*What the exercise asks:* Reproduce all of the entries below exactly, without a single change.

*Entries taken from a collection:*
----
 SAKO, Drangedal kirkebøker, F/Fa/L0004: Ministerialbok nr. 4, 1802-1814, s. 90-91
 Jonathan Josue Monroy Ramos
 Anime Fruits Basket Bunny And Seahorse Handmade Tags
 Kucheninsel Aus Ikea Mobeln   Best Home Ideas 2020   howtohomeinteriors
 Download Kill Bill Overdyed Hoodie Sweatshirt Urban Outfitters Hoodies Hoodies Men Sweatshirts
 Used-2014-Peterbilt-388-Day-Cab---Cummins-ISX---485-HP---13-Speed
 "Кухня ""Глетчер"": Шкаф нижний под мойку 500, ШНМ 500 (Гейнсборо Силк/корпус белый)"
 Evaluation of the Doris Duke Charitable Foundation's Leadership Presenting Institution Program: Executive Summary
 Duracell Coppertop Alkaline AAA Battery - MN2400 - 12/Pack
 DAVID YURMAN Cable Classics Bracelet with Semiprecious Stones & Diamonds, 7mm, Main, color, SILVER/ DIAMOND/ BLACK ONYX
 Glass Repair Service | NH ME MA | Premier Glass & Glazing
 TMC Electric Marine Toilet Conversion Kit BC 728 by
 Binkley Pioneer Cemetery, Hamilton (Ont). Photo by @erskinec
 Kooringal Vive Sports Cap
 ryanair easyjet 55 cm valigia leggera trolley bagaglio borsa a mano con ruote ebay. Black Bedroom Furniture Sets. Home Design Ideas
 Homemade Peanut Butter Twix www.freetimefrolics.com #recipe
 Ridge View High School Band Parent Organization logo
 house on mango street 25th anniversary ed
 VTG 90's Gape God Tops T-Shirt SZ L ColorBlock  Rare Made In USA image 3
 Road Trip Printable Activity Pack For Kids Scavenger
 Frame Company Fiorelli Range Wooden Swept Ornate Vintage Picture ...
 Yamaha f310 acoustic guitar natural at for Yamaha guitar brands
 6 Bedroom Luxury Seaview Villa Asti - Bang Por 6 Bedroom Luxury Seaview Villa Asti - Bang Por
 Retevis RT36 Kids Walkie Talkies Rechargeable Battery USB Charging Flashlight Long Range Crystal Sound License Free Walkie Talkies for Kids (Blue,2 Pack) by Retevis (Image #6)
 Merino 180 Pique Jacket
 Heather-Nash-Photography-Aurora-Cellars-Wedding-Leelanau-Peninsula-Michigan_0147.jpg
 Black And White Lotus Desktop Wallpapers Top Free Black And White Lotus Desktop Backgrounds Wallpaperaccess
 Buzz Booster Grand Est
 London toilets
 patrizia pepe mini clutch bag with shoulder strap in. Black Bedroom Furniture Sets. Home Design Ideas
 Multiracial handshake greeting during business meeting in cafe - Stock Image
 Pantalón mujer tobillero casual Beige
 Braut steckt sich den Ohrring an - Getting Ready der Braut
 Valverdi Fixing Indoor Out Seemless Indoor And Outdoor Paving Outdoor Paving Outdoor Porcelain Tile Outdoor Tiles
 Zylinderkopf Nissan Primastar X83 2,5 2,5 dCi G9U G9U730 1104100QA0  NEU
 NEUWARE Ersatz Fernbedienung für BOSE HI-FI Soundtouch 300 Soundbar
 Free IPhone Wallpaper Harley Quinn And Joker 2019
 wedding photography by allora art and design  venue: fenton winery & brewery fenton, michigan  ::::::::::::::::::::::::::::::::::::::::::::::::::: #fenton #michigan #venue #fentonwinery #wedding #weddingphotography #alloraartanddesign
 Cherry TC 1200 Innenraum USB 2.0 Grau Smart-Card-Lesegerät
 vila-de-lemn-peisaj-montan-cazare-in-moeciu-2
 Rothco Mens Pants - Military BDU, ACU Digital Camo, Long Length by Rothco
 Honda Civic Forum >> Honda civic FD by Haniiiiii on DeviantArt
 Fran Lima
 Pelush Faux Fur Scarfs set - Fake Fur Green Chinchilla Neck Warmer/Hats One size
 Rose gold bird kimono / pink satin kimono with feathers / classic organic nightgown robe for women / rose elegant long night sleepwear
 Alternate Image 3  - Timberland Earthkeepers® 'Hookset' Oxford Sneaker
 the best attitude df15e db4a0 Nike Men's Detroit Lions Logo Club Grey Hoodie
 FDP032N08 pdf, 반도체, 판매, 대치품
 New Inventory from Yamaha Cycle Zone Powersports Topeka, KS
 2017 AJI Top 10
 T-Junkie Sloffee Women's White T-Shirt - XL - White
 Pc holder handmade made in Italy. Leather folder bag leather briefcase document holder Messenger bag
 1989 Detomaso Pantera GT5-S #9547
----
*Response to the task:*
 SAKO, Drangedal kirkebøker, F/Fa/L0004: Ministerialbok nr. 4, 1802-1814, s. 90-91
 Jonathan Josue Monroy Ramos
 Anime Fruits Basket Bunny And Seahorse Handmade Tags
 Kucheninsel Aus Ikea Mobeln   Best Home Ideas 2020   howtohomeinteriors
 Download Kill Bill Overdyed Hoodie Sweatshirt Urban Outfitters Hoodies Hoodies Men Sweatshirts
 Used-2014-Peterbilt-388-Day-Cab---Cummins-ISX---485-HP---13-Speed
 "Кухня ""Глетчер"": Шкаф нижний под мойку 500, ШНМ 500 (Гейнсборо Силк/корпус белый)"
 Evaluation of the Doris Duke Charitable Foundation's Leadership Presenting Institution Program: Executive Summary
 Duracell Coppertop Alkaline AAA Battery - MN2400 - 12/Pack
 DAVID YURMAN Cable Classics Bracelet with Semiprecious Stones & Diamonds, 7mm, Main, color, SILVER/ DIAMOND/ BLACK ONYX
 Glass Repair Service | NH ME MA | Premier Glass & Glazing
 TMC Electric Marine Toilet Conversion Kit BC 728 by
 Binkley Pioneer Cemetery, Hamilton (Ont). Photo by @erskinec
 Kooringal Vive Sports Cap
 ryanair easyjet 55 cm valigia leggera trolley bagaglio borsa a mano con ruote ebay. Black Bedroom Furniture Sets. Home Design Ideas
 Homemade Peanut Butter Twix www.freetimefrolics.com #recipe
 Ridge View High School Band Parent Organization logo
 house on mango street 25th anniversary ed
 VTG 90's Gape God Tops T-Shirt SZ L ColorBlock  Rare Made In USA image 3
 Road Trip Printable Activity Pack For Kids Scavenger
 Frame Company Fiorelli Range Wooden Swept Ornate Vintage Picture ...
 Yamaha f310 acoustic guitar natural at for Yamaha guitar brands
 6 Bedroom Luxury Seaview Villa Asti - Bang Por 6 Bedroom Luxury Seaview Villa Asti - Bang Por
 Retevis RT36 Kids Walkie Talkies Rechargeable Battery USB Charging Flashlight Long Range Crystal Sound License Free Walkie Talkies for Kids (Blue,2 Pack) by Retevis (Image #6)
 Merino 180 Pique Jacket
 Heather-Nash-Photography-Aurora-Cellars-Wedding-Leelanau-Peninsula-Michigan_0147.jpg
 Black And White Lotus Desktop Wallpapers Top Free Black And White Lotus Desktop Backgrounds Wallpaperaccess
 Buzz Booster Grand Est
 London toilets
 patrizia pepe mini clutch bag with shoulder strap in. Black Bedroom Furniture Sets. Home Design Ideas
 Multiracial handshake greeting during business meeting in cafe - Stock Image
 Pantalón mujer tobillero casual Beige
 Braut steckt sich den Ohrring an - Getting Ready der Braut
 Valverdi Fixing Indoor Out Seemless Indoor And Outdoor Paving Outdoor Paving Outdoor Porcelain Tile Outdoor Tiles
 Zylinderkopf Nissan Primastar X83 2,5 2,5 dCi G9U G9U730 1104100QA0  NEU
 NEUWARE Ersatz Fernbedienung für BOSE HI-FI Soundtouch 300 Soundbar
 Free IPhone Wallpaper Harley Quinn And Joker 2019
 wedding photography by allora art and design  venue: fenton winery & brewery fenton, michigan  ::::::::::::::::::::::::::::::::::::::::::::::::::: #fenton #michigan #venue #fentonwinery #wedding #weddingphotography #alloraartanddesign
 Cherry TC 1200 Innenraum USB 2.0 Grau Smart-Card-Lesegerät
 vila-de-lemn-peisaj-montan-cazare-in-moeciu-2
 Rothco Mens Pants - Military BDU, ACU Digital Camo, Long Length by Rothco
 Honda Civic Forum >> Honda civic FD by Haniiiiii on DeviantArt
 Fran Lima
 Pelush Faux Fur Scarfs set - Fake Fur Green Chinchilla Neck Warmer/Hats One size
 Rose gold bird kimono / pink satin kimono with feathers / classic organic nightgown robe for women / rose elegant long night sleepwear
 Alternate Image 3  - Timberland Earthkeepers® 'Hookset' Oxford Sneaker
 the best attitude df15e db4a0 Nike Men's Detroit Lions Logo Club Grey Hoodie
 FDP032N08 pdf, 반도체, 판매, 대치품
 New Inventory from Yamaha Cycle Zone Powersports Topeka, KS
 2017 AJI Top 10
 T-Junkie Sloffee Women's White T-Shirt - XL - White
 Pc holder handmade made in Italy. Leather folder bag leather briefcase document holder Messenger bag
 1989 Detomaso Pantera GT5-S #9547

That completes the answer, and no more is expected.